Nucleotide sequence analysis
Maximum composite likelihood estimate of the nucleotide substitution pattern were made using the MEGA4.1β program. The results for Tombusviridae showed that the rates of different transitional substitutions varied from 3.18 to 14.61, and those of transversional substitutions varied from 6.6 to 8.57. The nucleotide frequencies were: 0.269 (A), 0.258 (T/U), 0.207 (C), and 0.266 (G). The transition/transversion rate ratios were k1 = 1.705 (purines) and k2 = 0.482 (pyrimidines). The overall transition/transversion bias was R = 0.547, where R = [AGk1+ TCk2]/[(A+G)(T+C)]. There were a total of 1218 positions in the final dataset. In all these analyses, the codon positions included were first + second + third + noncoding. All positions containing gaps and missing data were excluded from the dataset (complete deletion option).
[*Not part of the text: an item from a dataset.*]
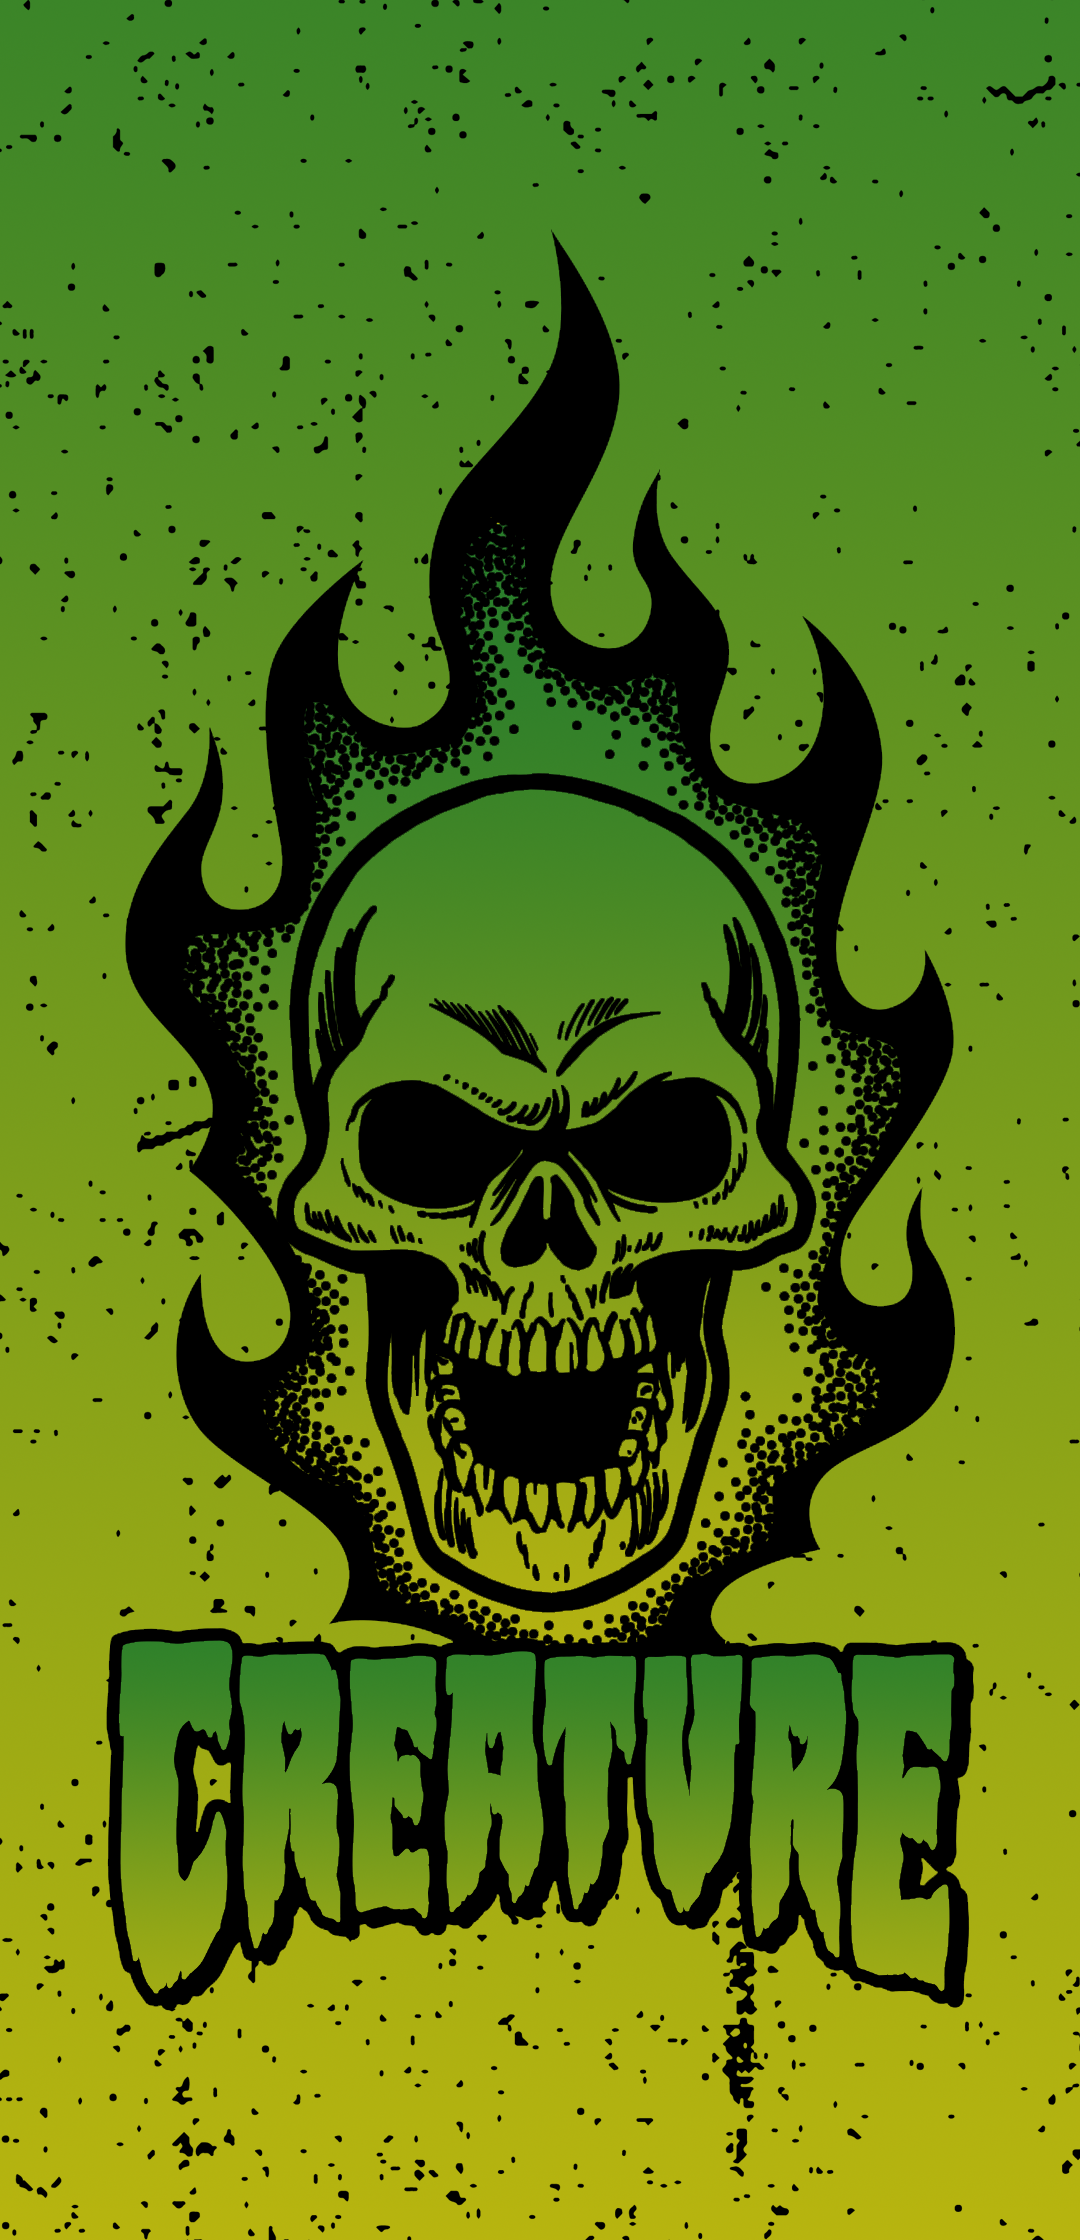 revolution Forvirre Bedøvelsesmiddel Creature skateboards - Bonehead (green) by peshinkovxor on DeviantArt

The MEGA4.1β program also incorporates the Tajima's Neutrality Test. The purpose of this test is to indentify sequences which do not fit the neutral theory model at equilibrium between mutation and genetic drift. Tajima's test compares a standardized measure of the total number of segregating sites (the polymorphic DNA sites) in the sampled DNA and the average number of mutations between pairs in the sample. Tajima's D was determined (D = 5.280926).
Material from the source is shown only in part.